▸ **Required action**
In the listing below, the lines starting with the line with "Novel Strain Engineering" and going on through the line with "Arriba 48+ imagen" are to be reproduced exactly, and only those.

▸ **Records for this task**
((

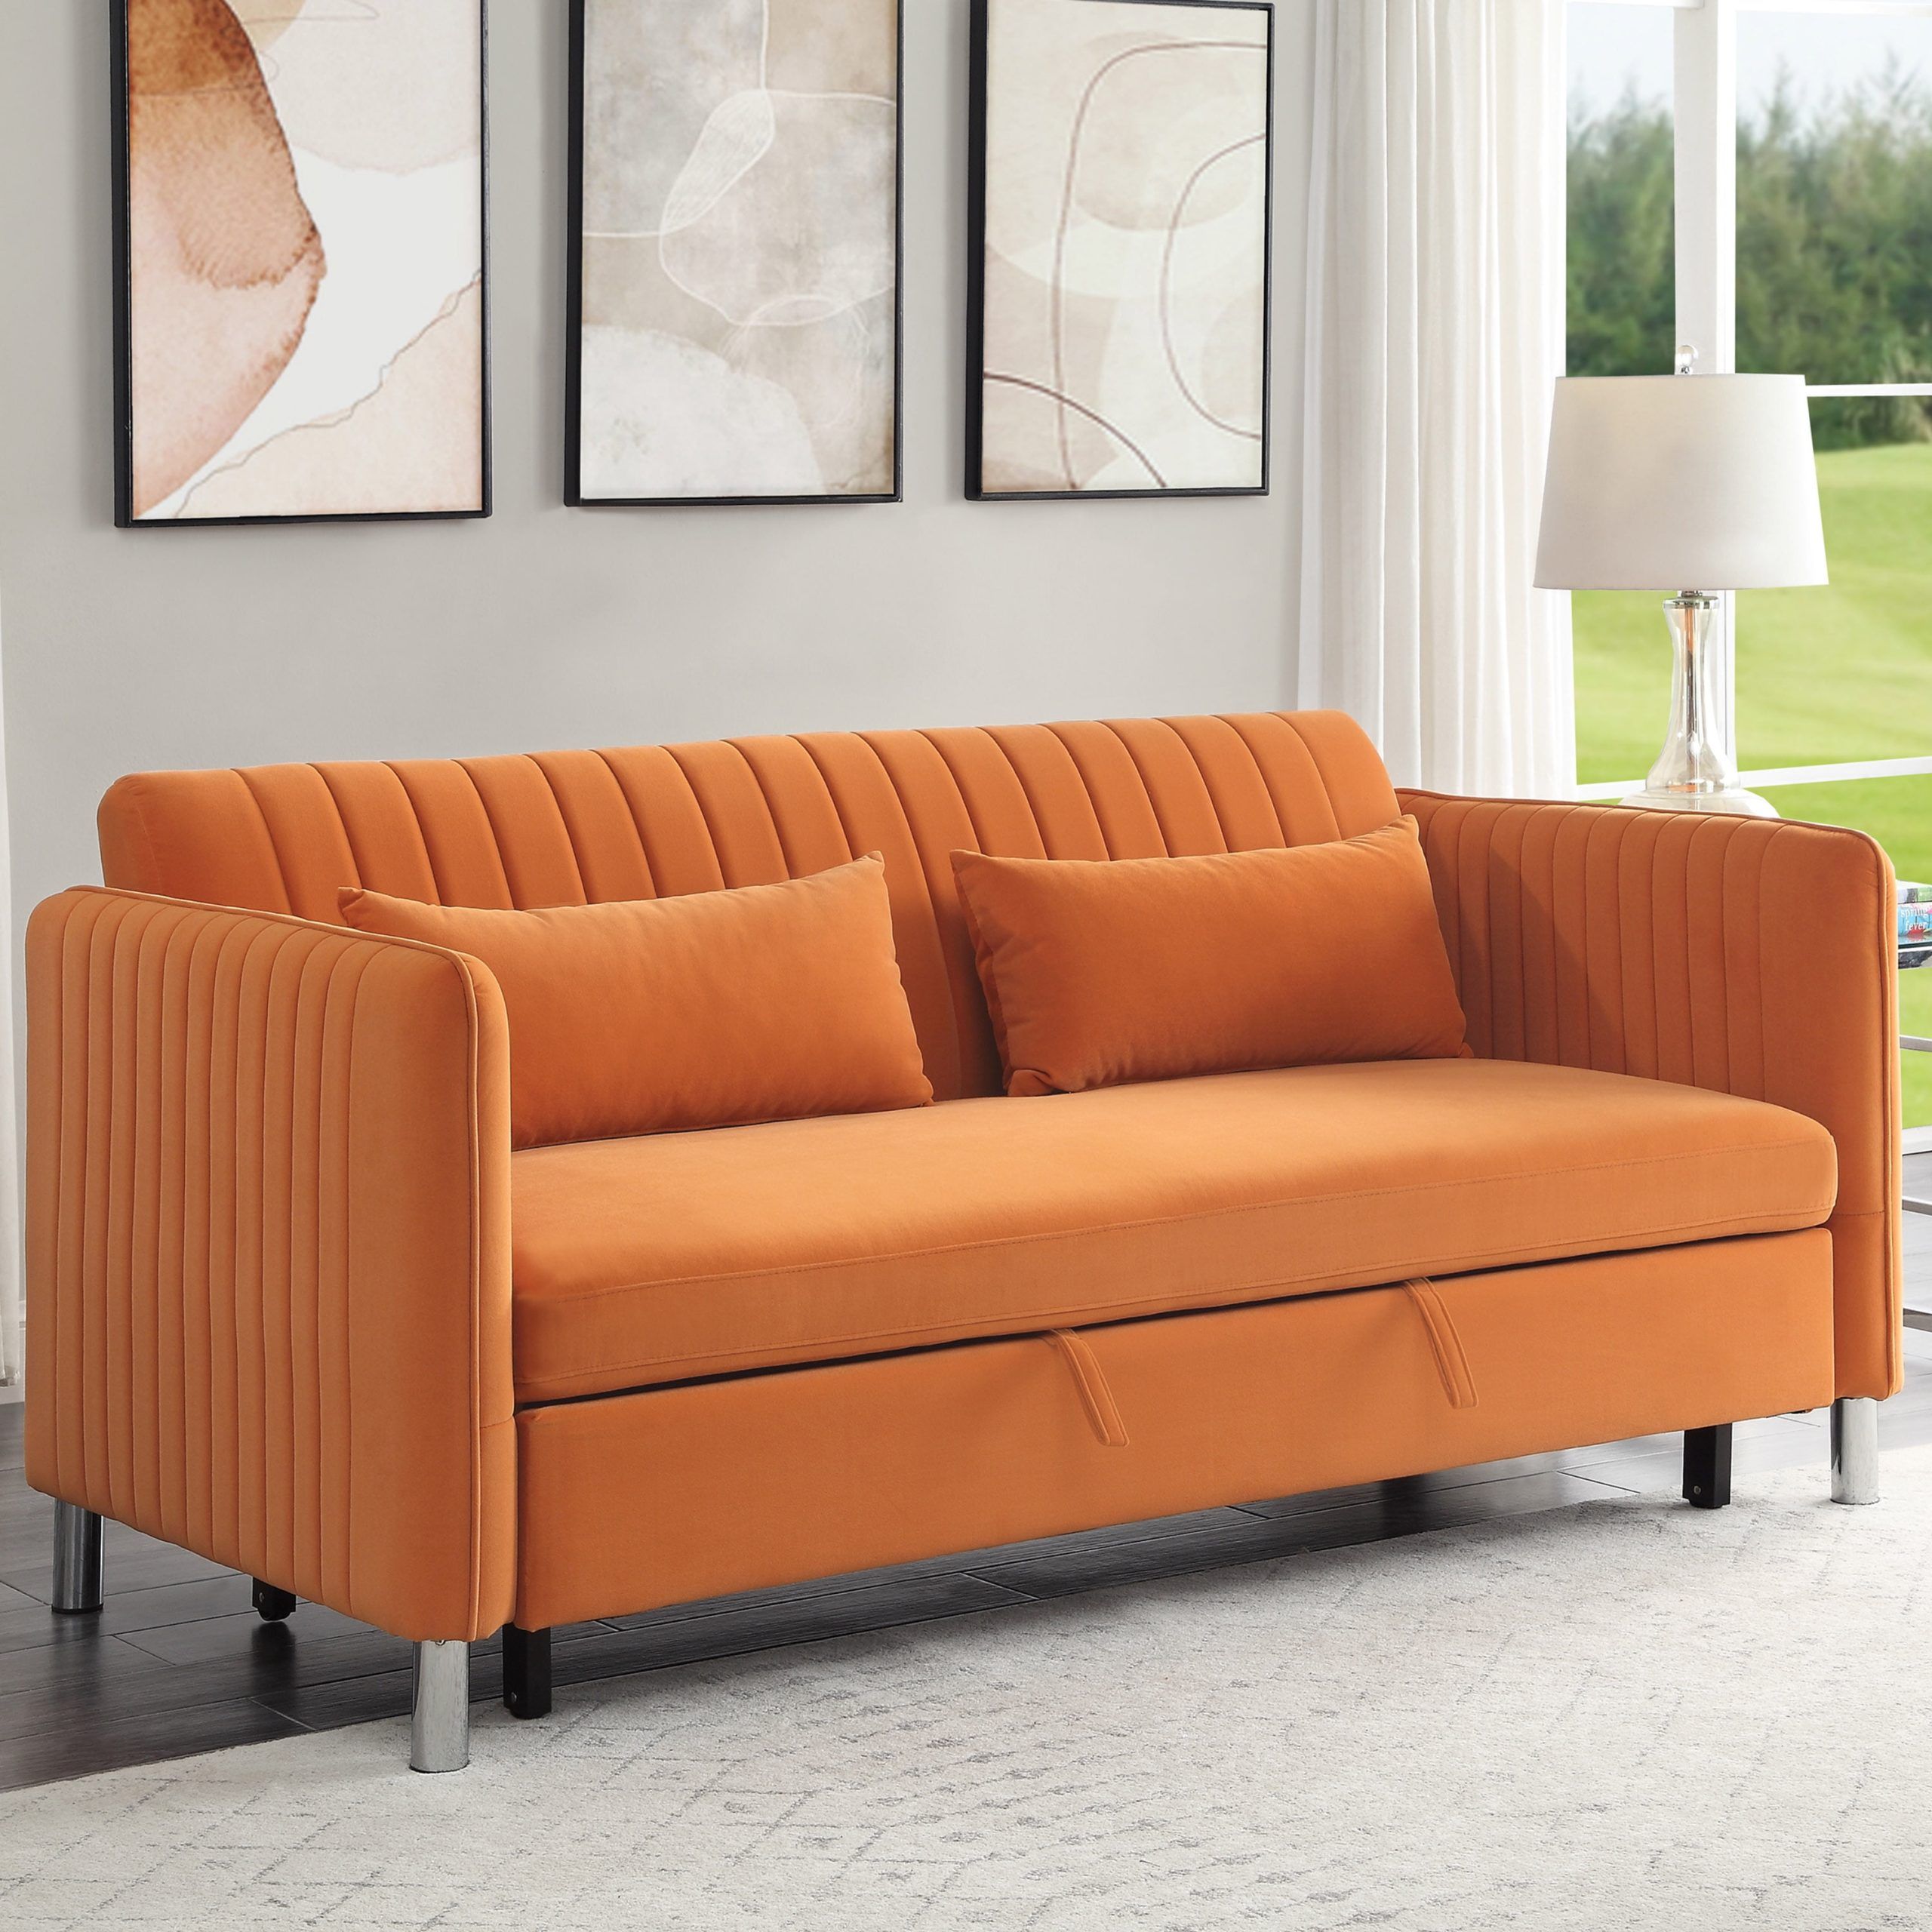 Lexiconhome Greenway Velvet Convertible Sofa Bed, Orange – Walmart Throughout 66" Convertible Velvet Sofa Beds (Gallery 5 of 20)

))
((

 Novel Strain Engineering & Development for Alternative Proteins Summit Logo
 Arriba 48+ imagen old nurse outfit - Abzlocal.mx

))

▸ **Task result**
 Novel Strain Engineering & Development for Alternative Proteins Summit Logo
 Arriba 48+ imagen old nurse outfit - Abzlocal.mx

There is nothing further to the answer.